Diplopterys cabrerana is a very long vine with opposite oval leaves. The inflorescences each bear four tiny flowers.
However, the plant rarely develops flowers, and almost never does so in cultivation. Diplopterys cabrerana is easily confused with Banisteriopsis caapi, but the leaves of D. cabrerana are much wider and larger (Ratsch 1998, 221).
Common Names: Biaxii, Chagrupanga (Inga, ‘chagru leaf’), Ka-hee-ko (Karapana), Kahi (Tukano, ‘that which causes vomiting’), Mene Kahi Ma, Nyoko-buko Guda Hubea Ma (Barasana), Oco-yage (‘water yage’), Yaco-ayahuasco (Quechua/Peru), Yahe Vine
Diplopterys cabrerana is found only in the Amazon basin. It does grow in the wild but is usually cultivated in gardens in South America from cuttings. Young shoots or branch tips are allowed to sit in water until roots develop.
The cuttings may also be placed directly in moist jungle soil. The wild form prefers to grow near river banks. It is possible to buy Diplopterys cabrerana plant material online from certain websites (Ratsch 1998, 220-221).
The Barasana of the Eastern Amazon uses D. cabrerana to prepare a psychoactive beverage that they use in a manner similar to Ayahuasca.
The vine is also used as a source of N, N-DMT in Ayahuasca brews, similar to Psychotria viridis leaves (Bristol 1965).
Many indigenous peoples of the Colombian Amazon, including the Desana, Barasana, and others, use the leaves of D. cabrerana to prepare Ayahuasca brews.
In the Sibundoy, Banisteriopsis caapi vine and D. cabrerana leaves are boiled down to prepare an inebriating drink known as biaxii (Bristol 1965).
To prepare an ayahuasca brew, D. cabrerana is boiled for 4-12 hours. Acidifiers such as vinegar or citrus juice may be added to facilitate the extraction of alkaloids.

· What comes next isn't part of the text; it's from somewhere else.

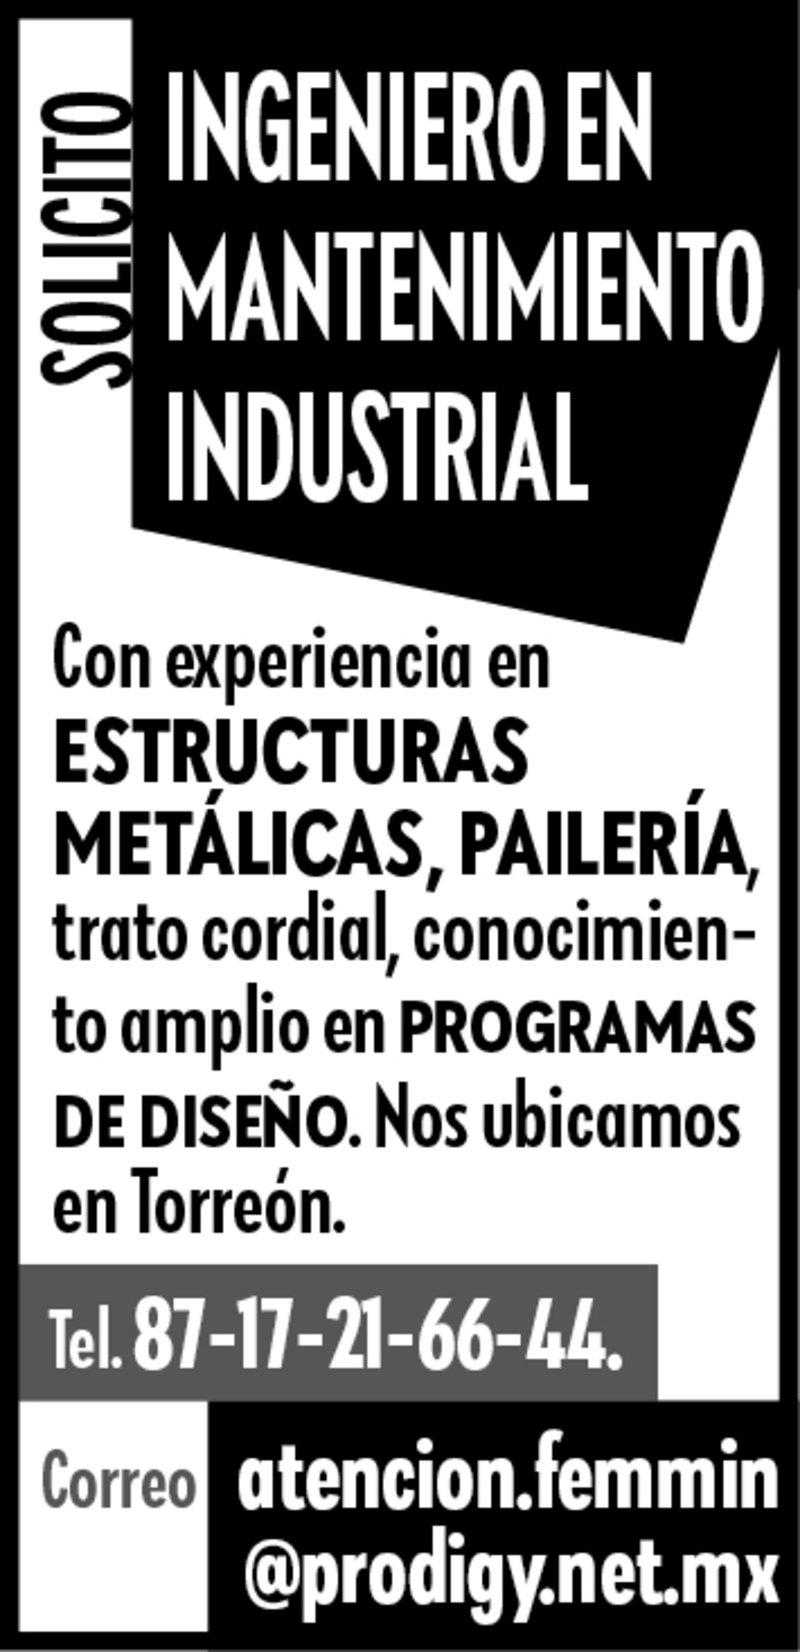 SE solicita Ingeniero en Mantenimiento Industrial

B. caapi or another MAOI containing plant is either boiled in the same pot or boiled in a different pot and combined with the D. cabrerana preparation at a later time (Bristol 1965).
The leaves of D. cabrerana contain 0.17-1.75% N,N-DMT, as well as 5-MeO-DMT, bufotenine, and several other alkaloids.
The stems also contain a lower quantity of these alkaloids. When combined with an MAOI of some sort, D. cabrerana leaves cause effects ranging from pleasant intoxication to violent nausea.
Visual hallucinations in vivid color are common. The intoxication generally ends with deep sleep and vivid dreams. Some shamans seem to fear D. cabrerana and avoid using it.
This is perhaps because it seems to contain exceptionally high levels of DMT, along with the alkaloids 5-methoxy-DMT and bufotenine, both of which are known to bring about adverse effects in some cases (Erowid 2001).
- Bristol, M.L. “Sibundoy Ethnobotany”. Harvard University Press, 1965.
- “Erowid Diplopterys Vault: DMT Contents and Dosages”, 2001. http://www.erowid.org/.
- Ratsch, Christian., The Encyclopedia of Psychoactive Plants: Ethnopharmacology and its Applications. Rochester: Park Street Press, 1998.